Clearly, the RH law needs sister statutes to help the country achieve real and lasting development. The Congress must then take unequivocal action and craft laws that significantly reduce inequalities and inequities, end extreme poverty, generate employment, protect and promote the overall health and wellbeing of people, squarely confront discrimination, and accelerate progress specifically for those furthest behind.

Let me emphasize to the committee technical staff of both Houses of Congress who are with us today that you wield significant influence in making your principals more aware of this literally once-in-a-lifetime demographic window of opportunity that we can take full advantage of only with the appropriate and enabling laws and policies. 

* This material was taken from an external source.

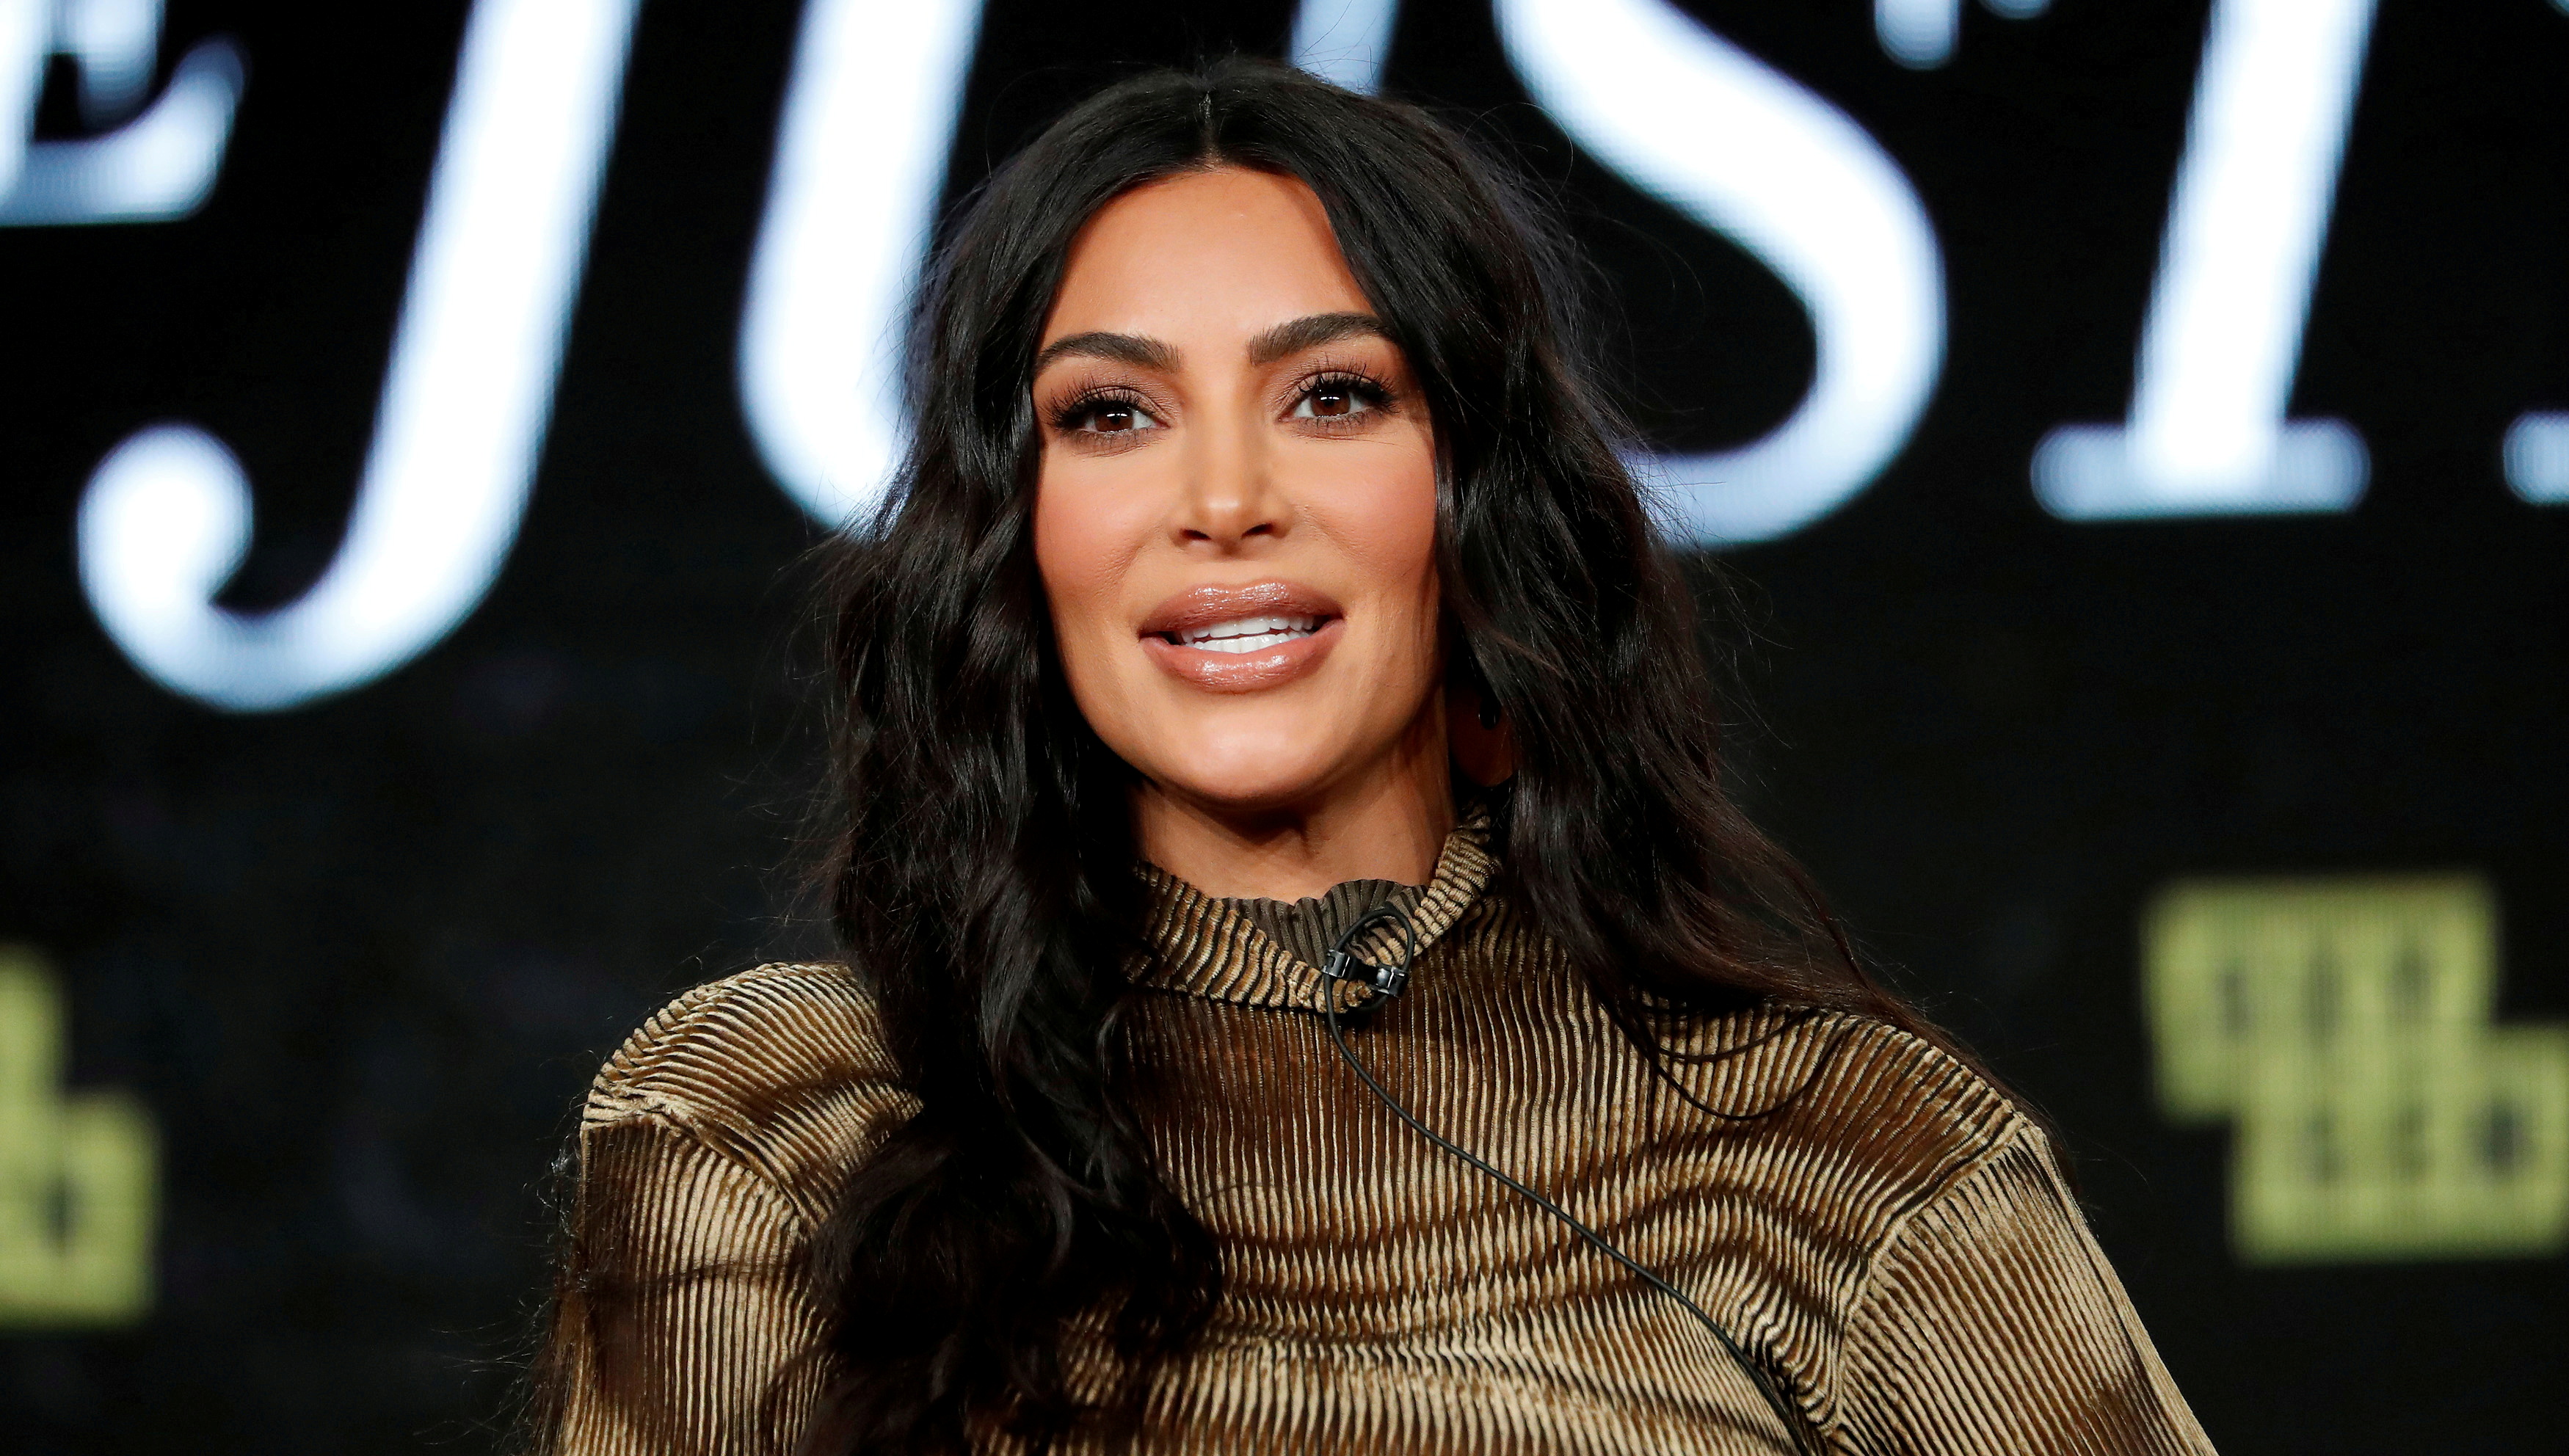 Is Kim Kardashian A Lawyer?

For our guests from private sector, your partnership with government and help in securing additional funding for population management, health, and employment programs are indispensable if we are to finally reap the dividends of demographic transition.

Finally, let me underscore the potential of BUILD to uplift lives. The program builds its foundation on the interrelatedness and interdependence of the issues of RH, crippling poverty, the blight of gender inequality and inequity, poor health and ignorance, the degradation of the environment, and genuine human development that reaches the grassroots.

This not to mention its goal to raise awareness on the adverse impact of being unable to address the social ills spawned by poverty and the crucial importance of commitment and adequate funding from government, and the support of the private sector in attaining the Sustainable Development Goals (SDGs).

Let us build on the lessons we have learned today, capitalize on the commitments of our stakeholders, and make the most of the momentum generated by this first of several BUILD sessions to consolidate the efforts of both the private and public sectors in harnessing the rewards of demographic dividend and ensuring that the Philippines’ demographic window of opportunity will not close before we can take full advantage of the gains we have achieved thus far.

Again, thank you for your dynamic participation and together let us move forward in ensuring the upliftment and empowerment of ordinary citizens, and the attainment of genuine human development for all Filipinos.